**Exercise brief**. The answer must be an exact copy of the records below, with every picture left out.

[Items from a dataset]
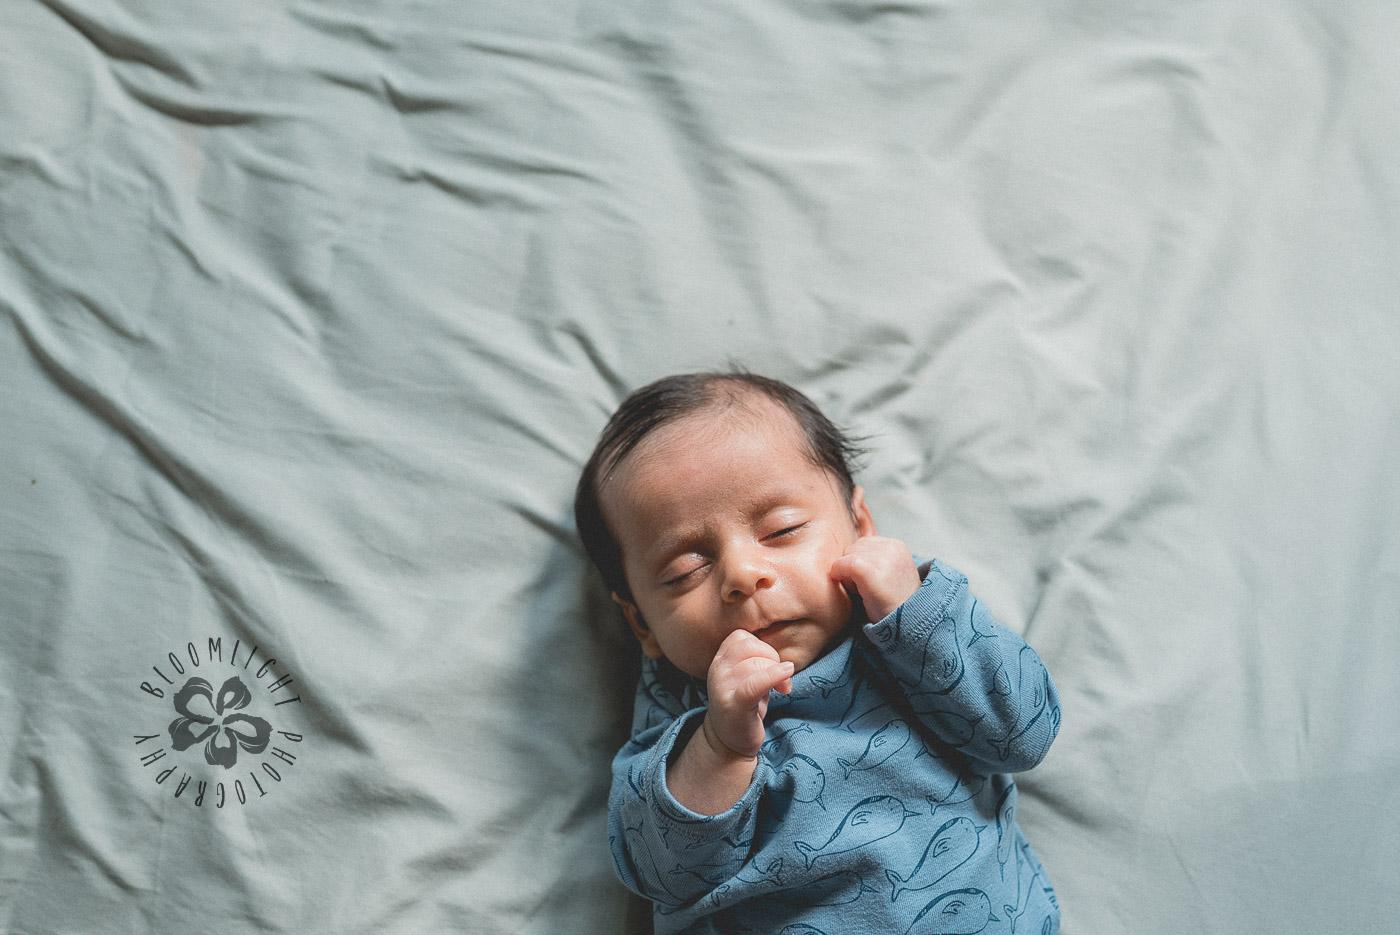 Toronto and northyork newborn ln home photography 7
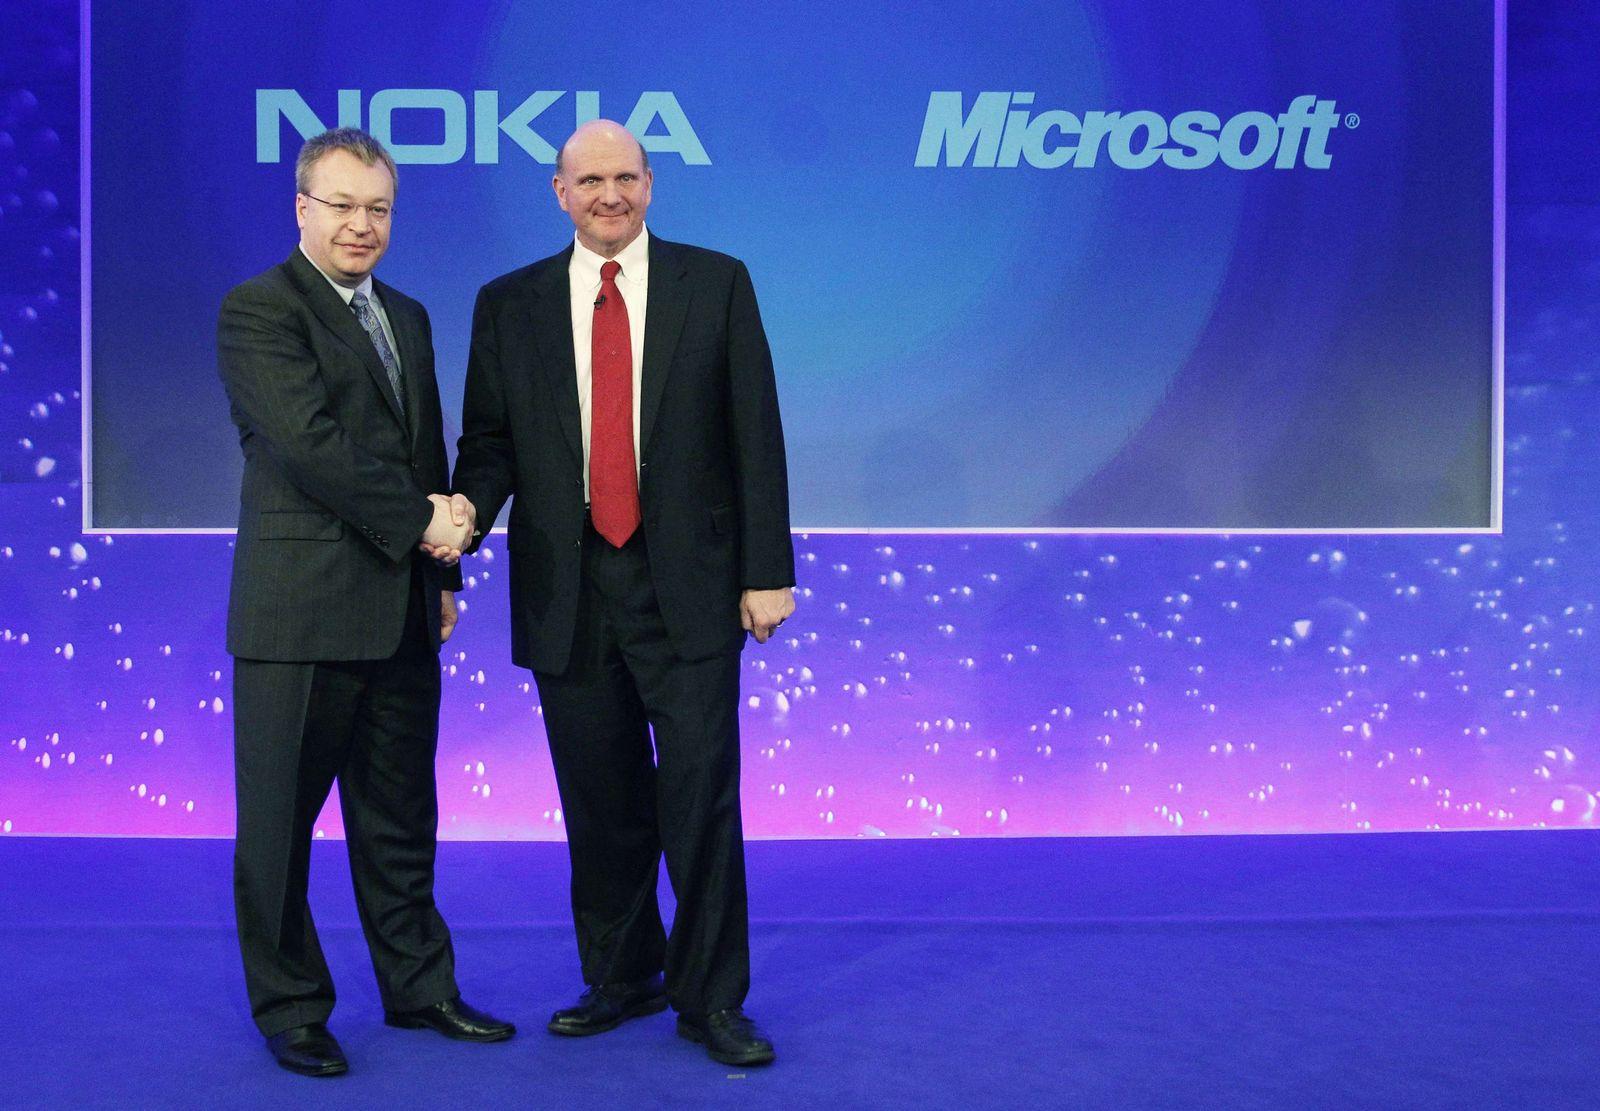 Microsoft Nokia Steve Ballmer Stephen Elop
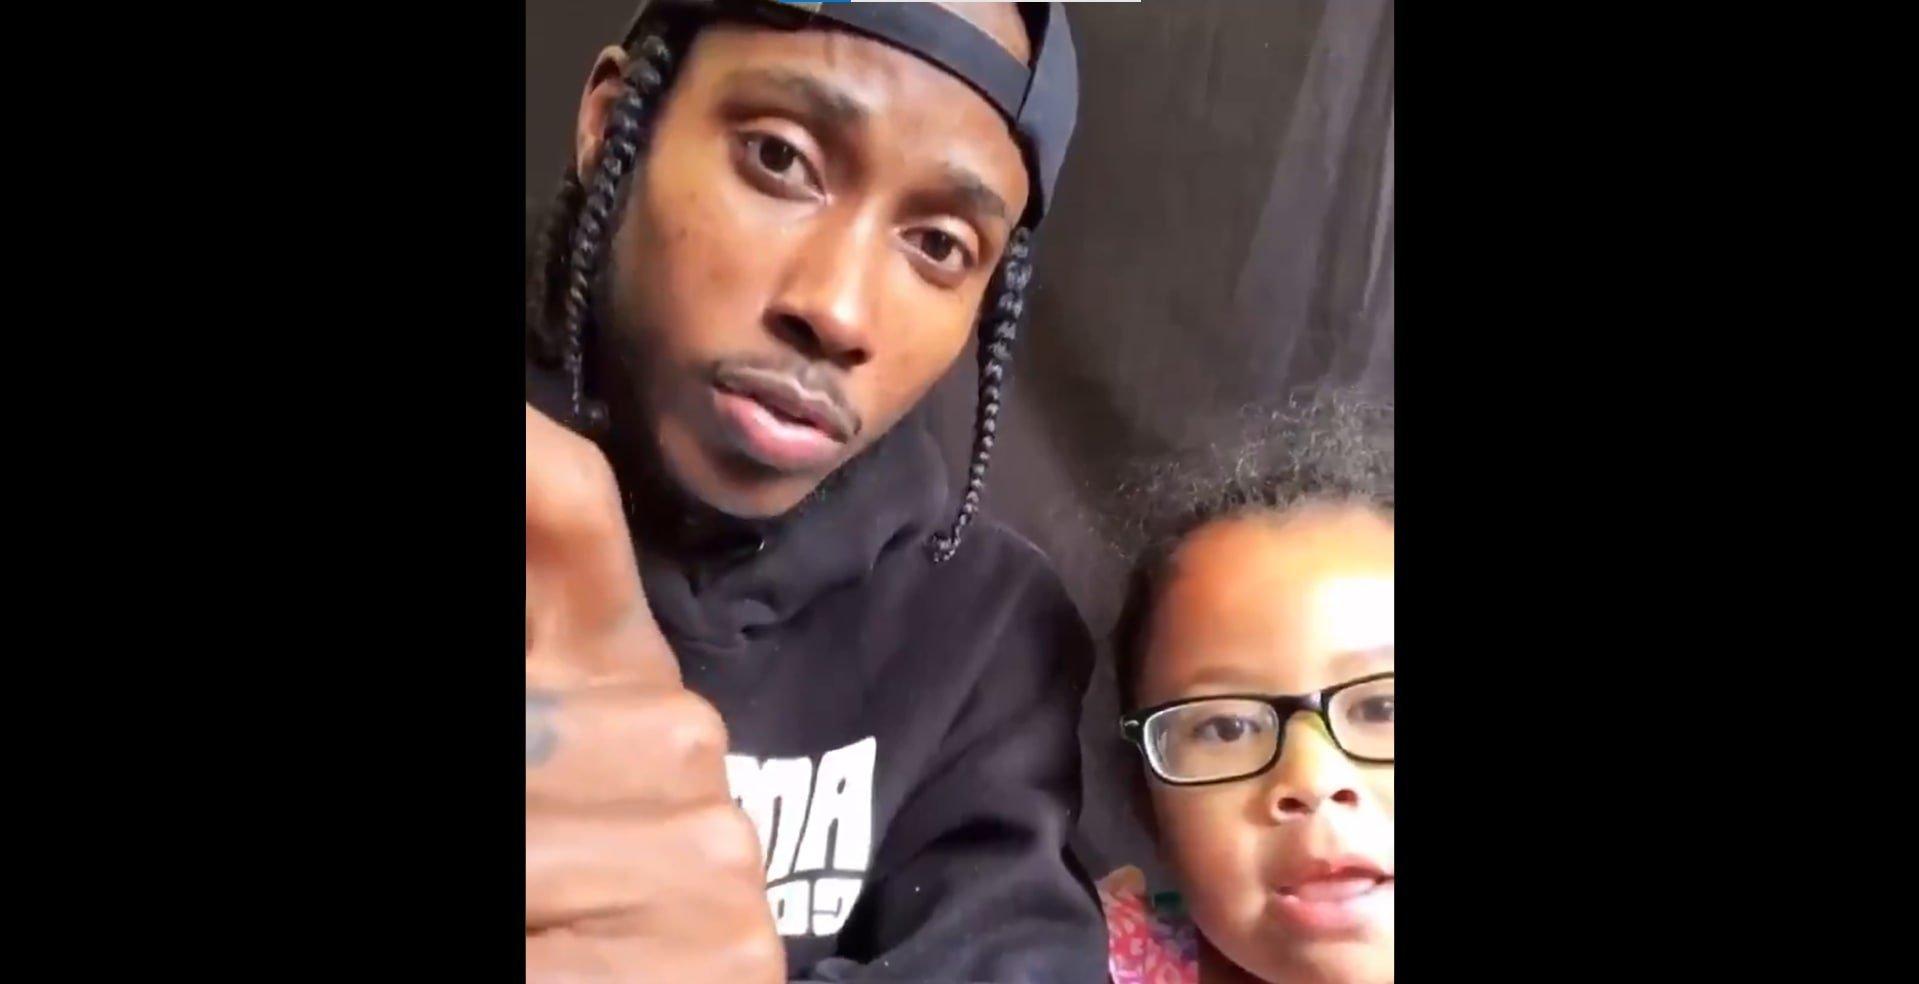 Black dad's rant slamming critical race theory goes viral
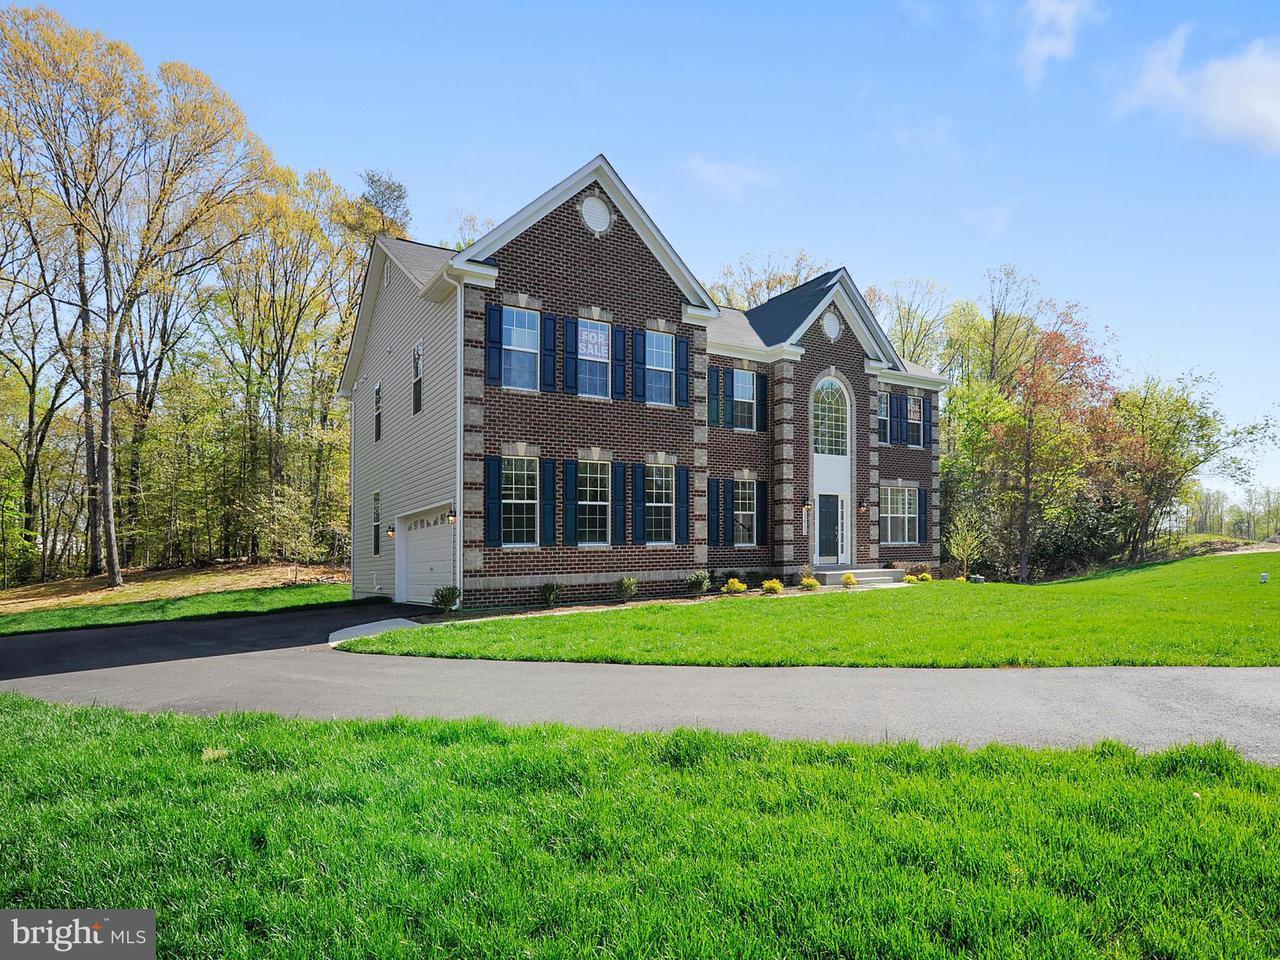 Additional photo for property listing at 15600 TAYLERTON Lane 15600 TAYLERTON Lane Brandywine, Мэриленд 20613 Соединенные Штаты
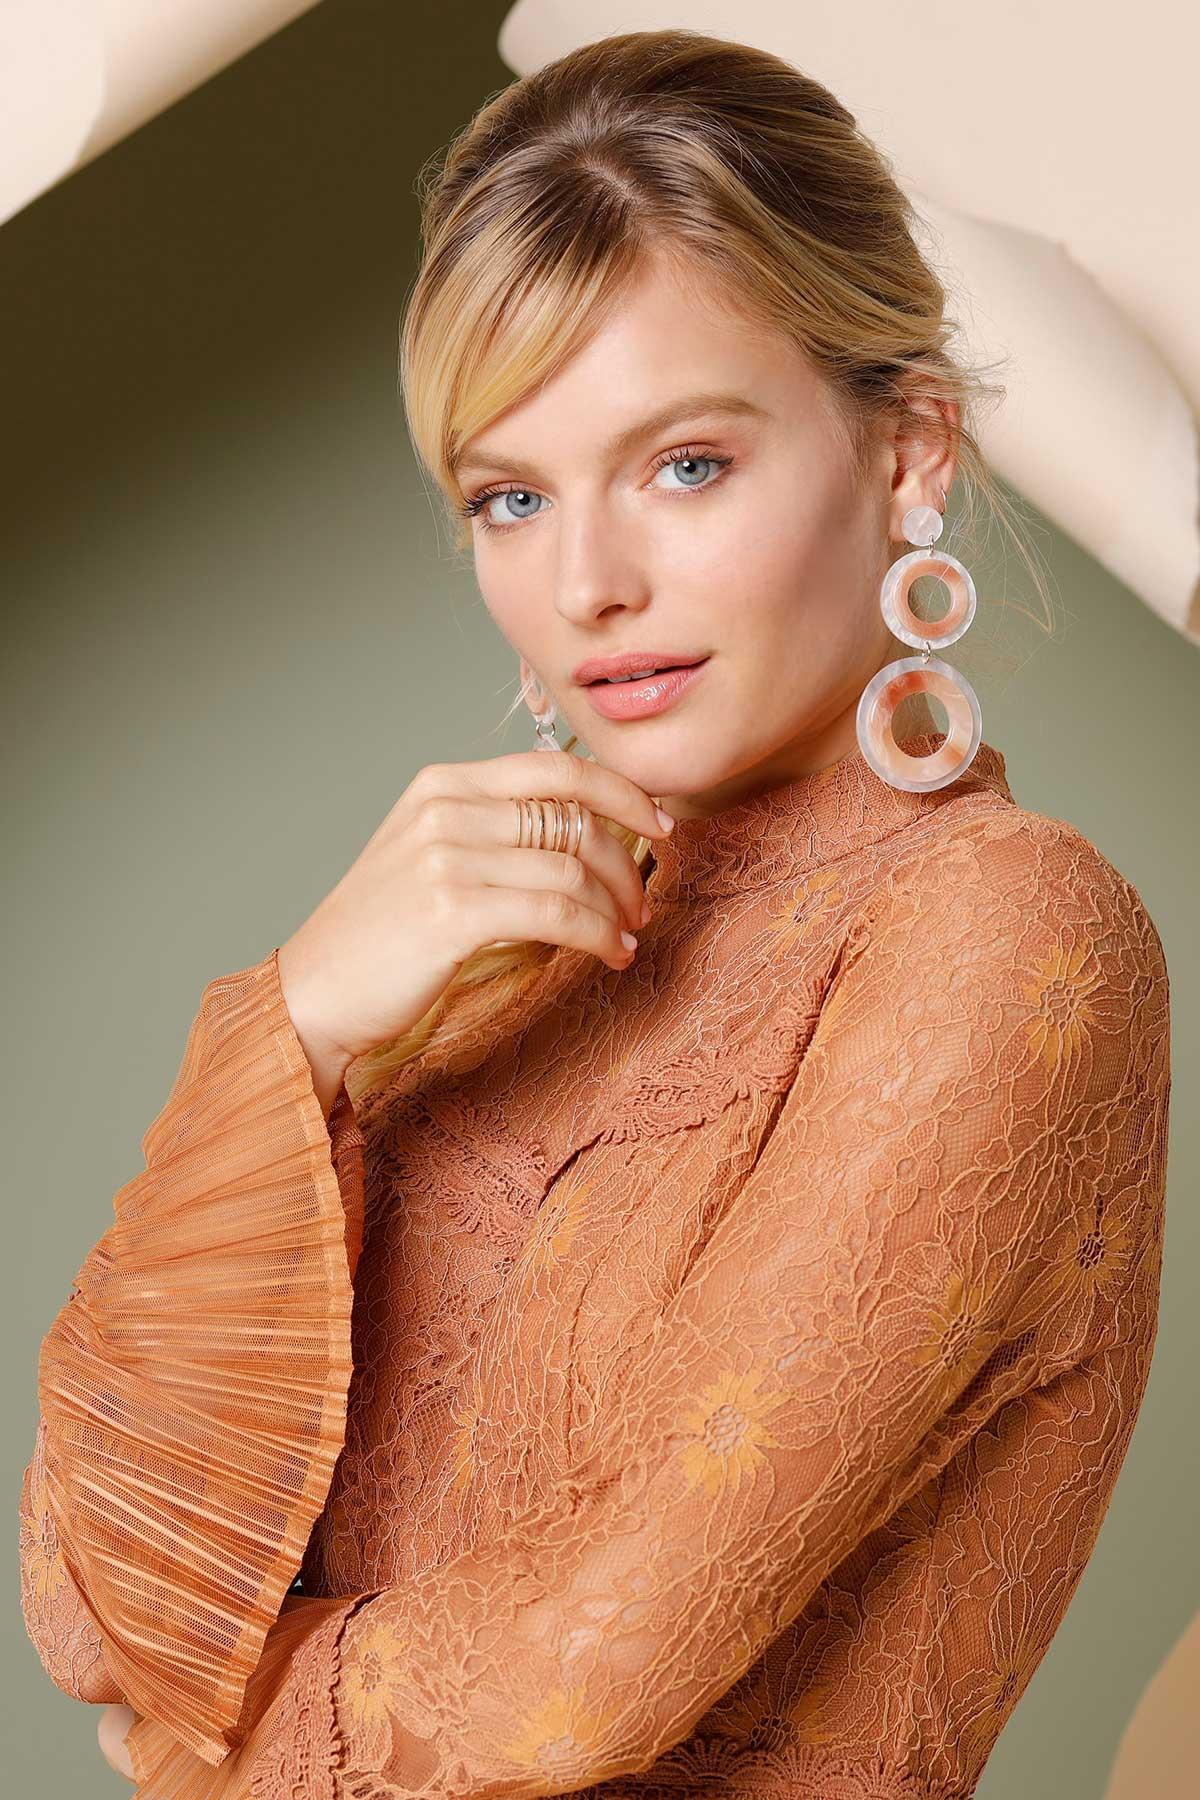 Circular Lucite Earrings

**Task output**.
 Toronto and northyork newborn ln home photography 7
 Microsoft Nokia Steve Ballmer Stephen Elop
 Black dad's rant slamming critical race theory goes viral
 Additional photo for property listing at 15600 TAYLERTON Lane 15600 TAYLERTON Lane Brandywine, Мэриленд 20613 Соединенные Штаты
 Circular Lucite Earrings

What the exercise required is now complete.